What is needed
Your task is to restate word for word the lines in the material below, from the one with "Фотографии комнаты для переговоров Бирюзовый" up to and including the one with "El museo de". Do not carry over the pictures.

::: Exercise material :::

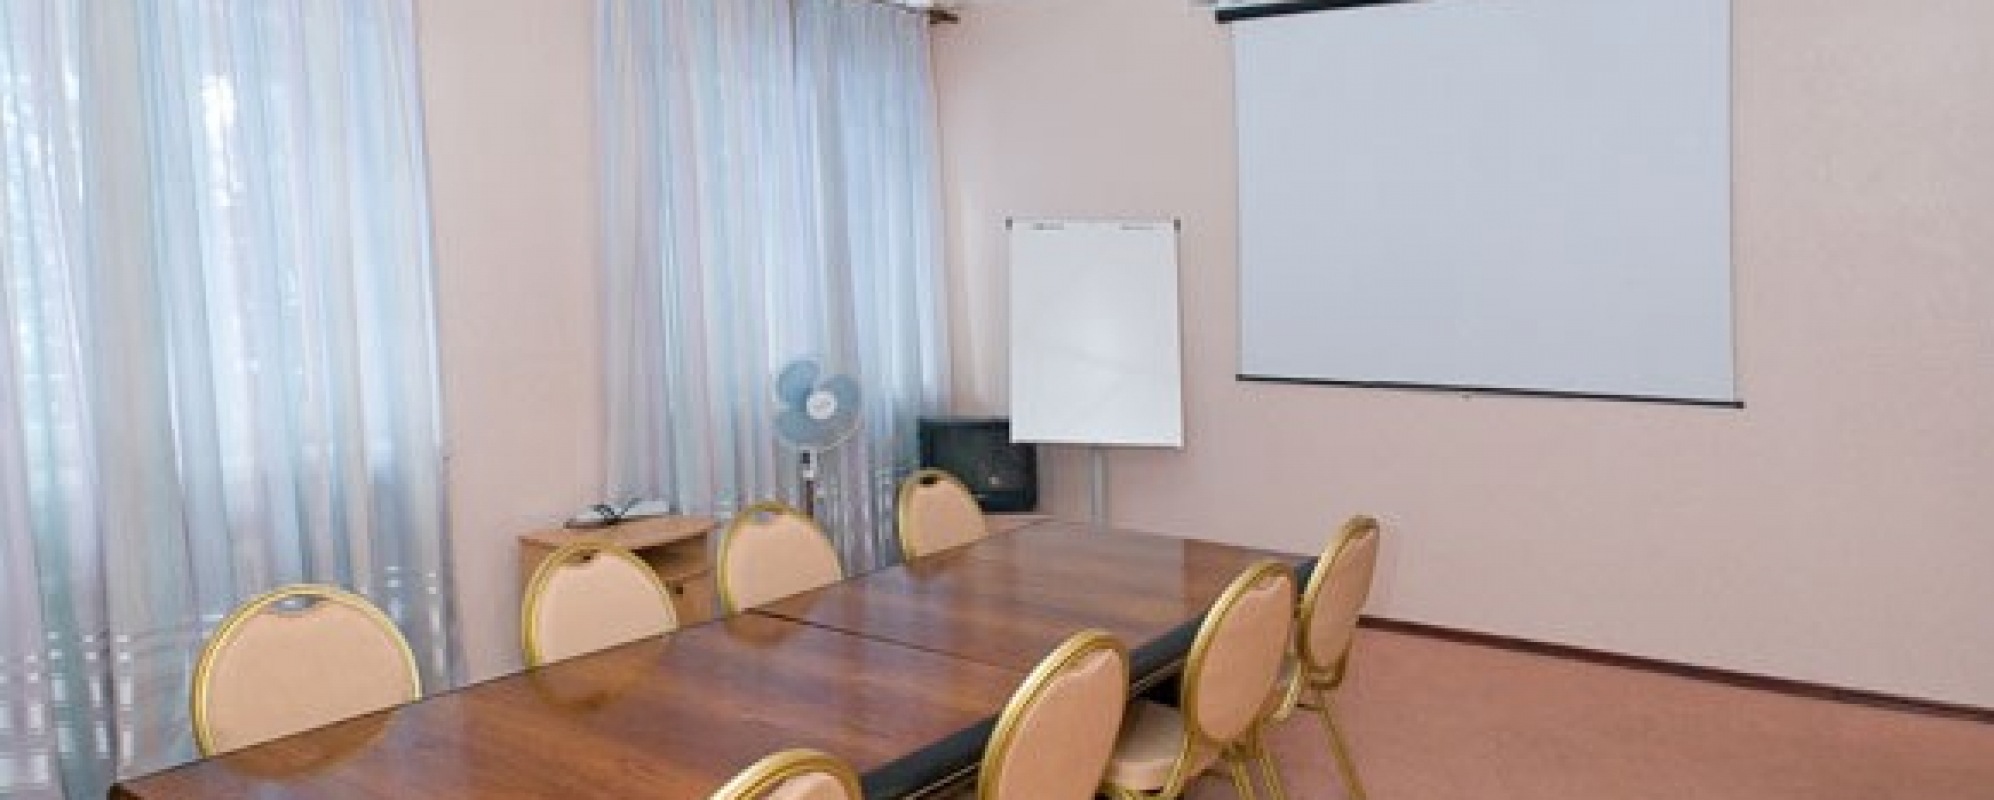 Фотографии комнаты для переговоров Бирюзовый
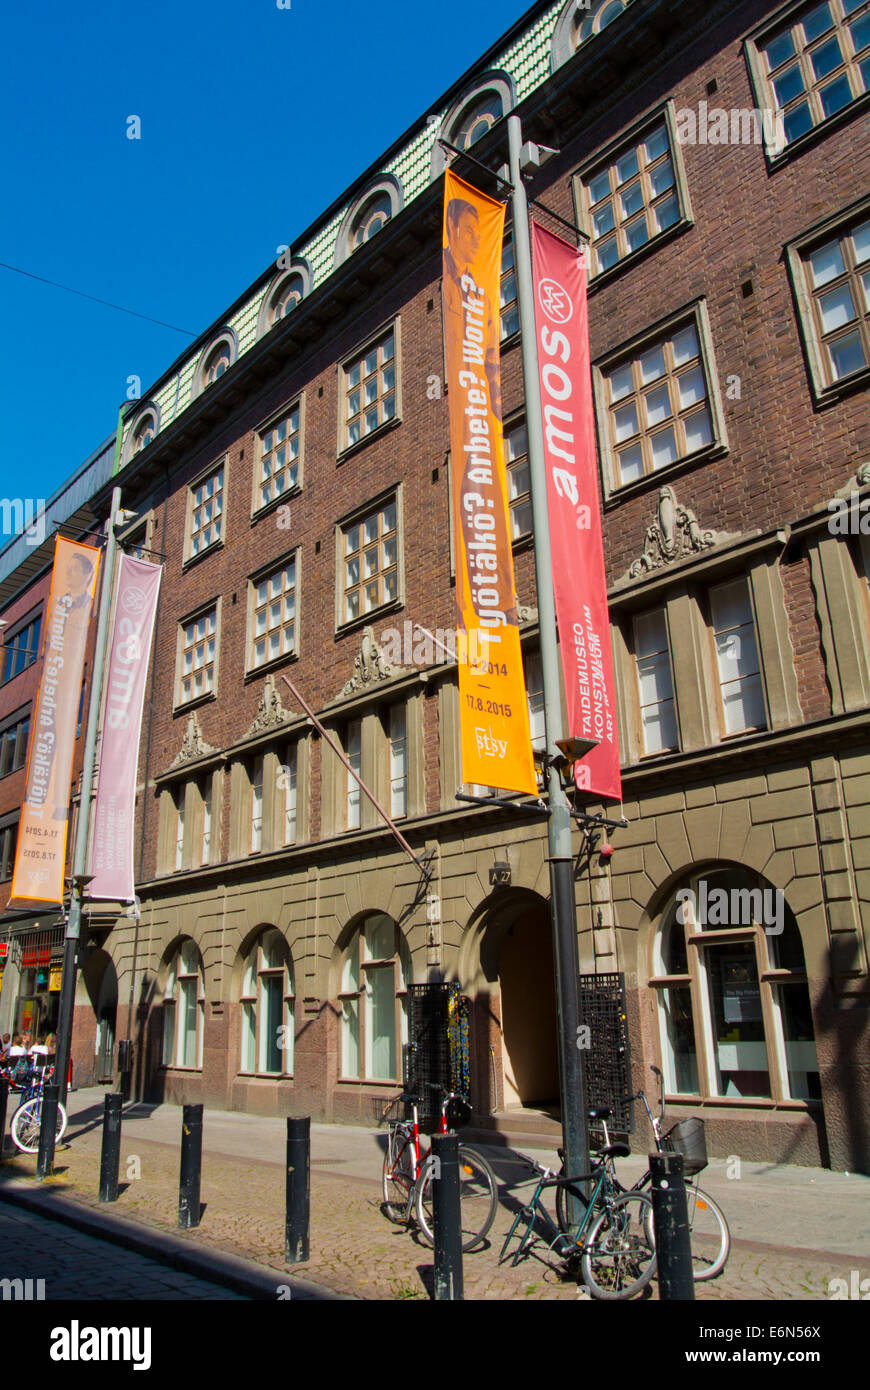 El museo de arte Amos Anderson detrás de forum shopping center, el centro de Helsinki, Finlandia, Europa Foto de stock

:::
::: Exercise material :::

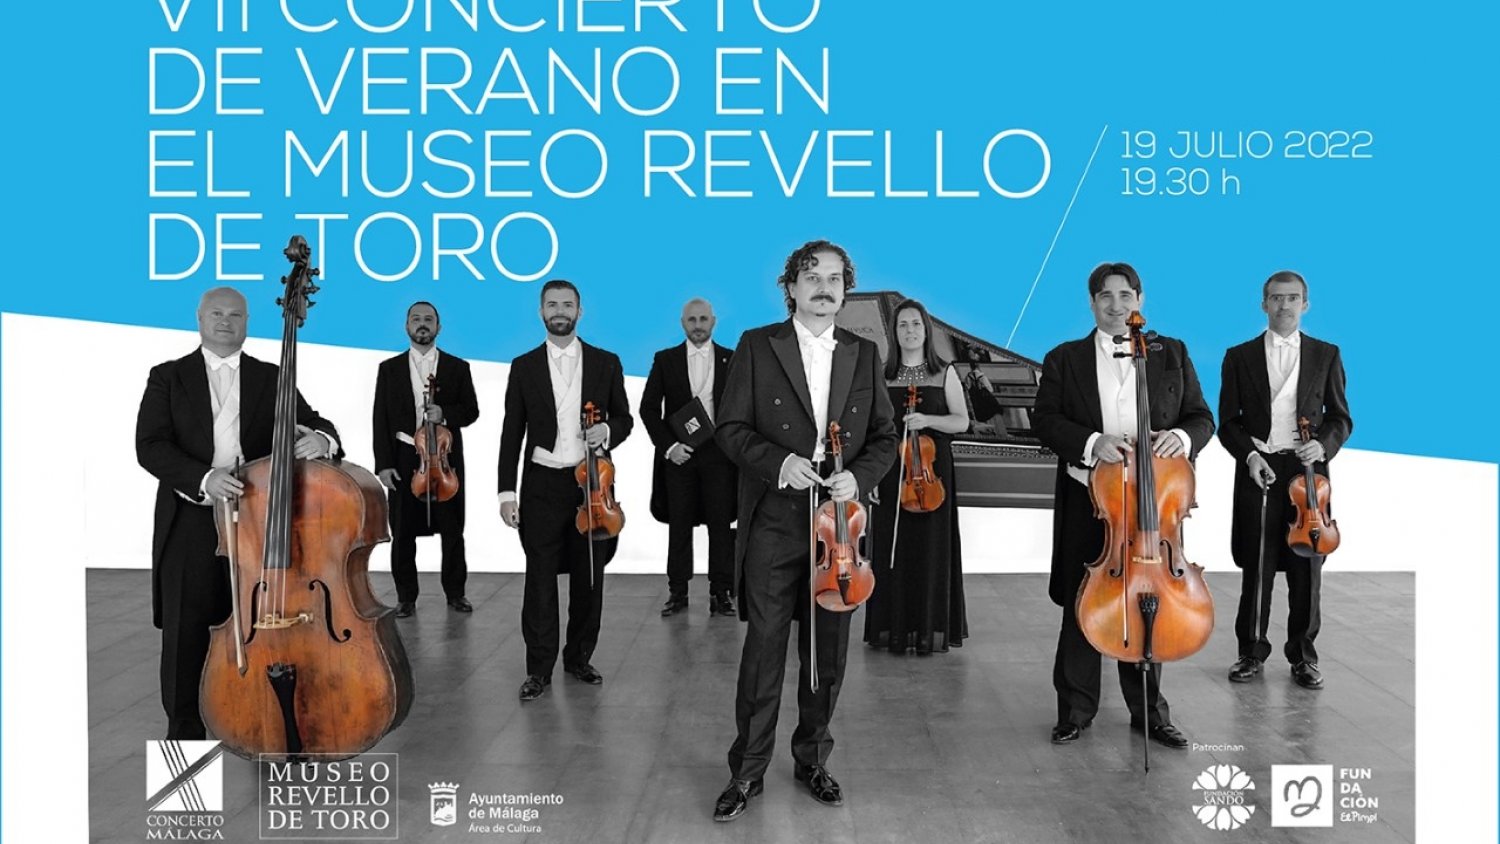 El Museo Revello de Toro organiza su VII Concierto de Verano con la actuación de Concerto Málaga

:::
::: Exercise material :::

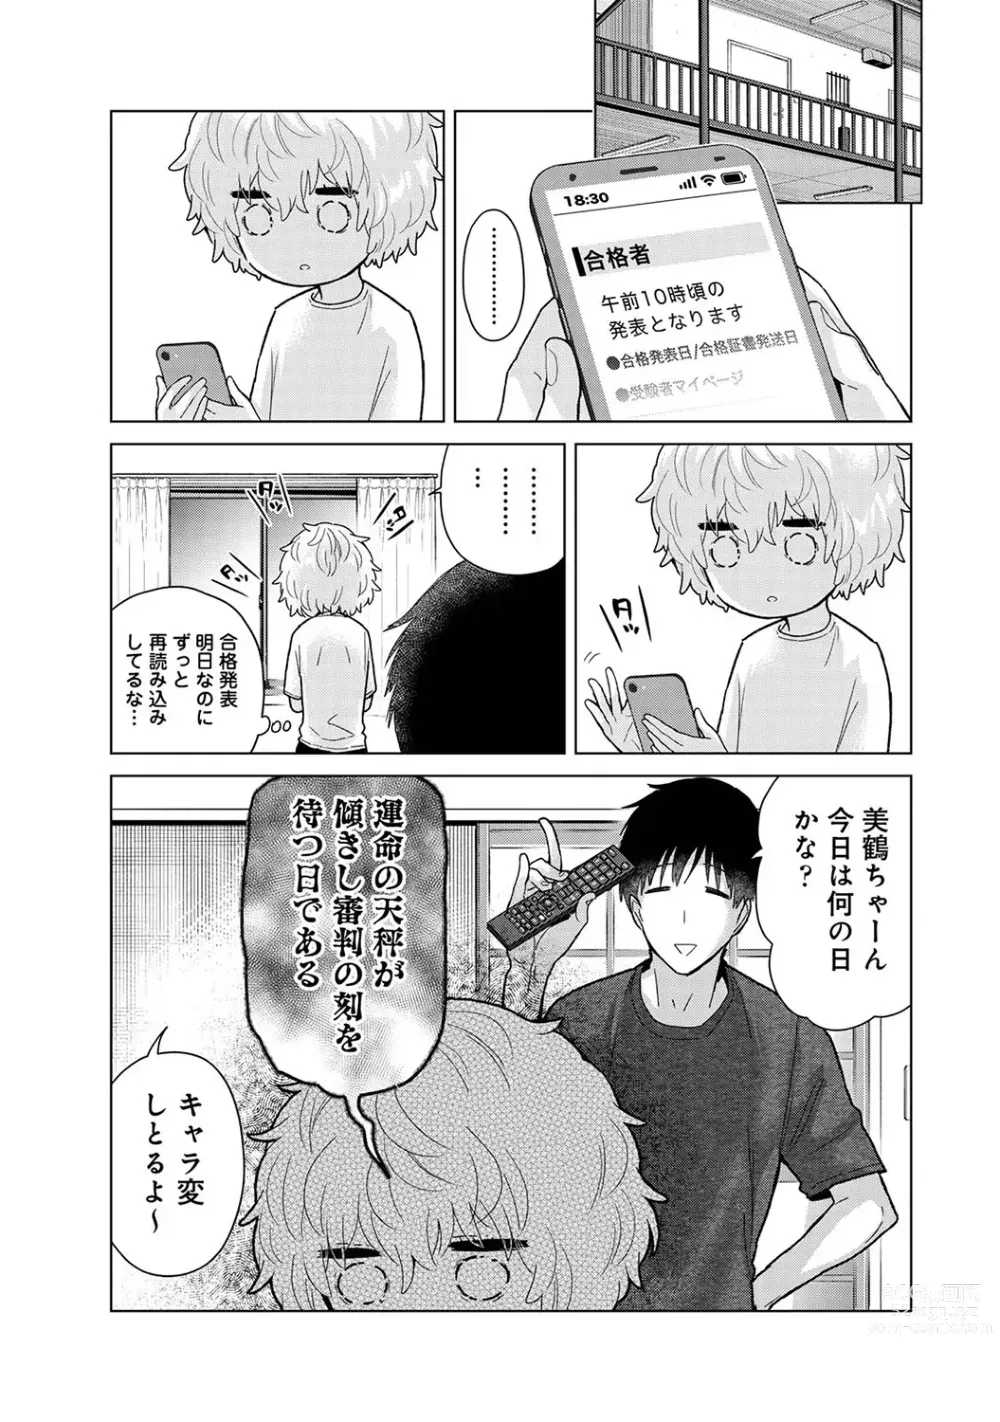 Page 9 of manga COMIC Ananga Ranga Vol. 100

:::

Your solution
 Фотографии комнаты для переговоров Бирюзовый
 El museo de arte Amos Anderson detrás de forum shopping center, el centro de Helsinki, Finlandia, Europa Foto de stock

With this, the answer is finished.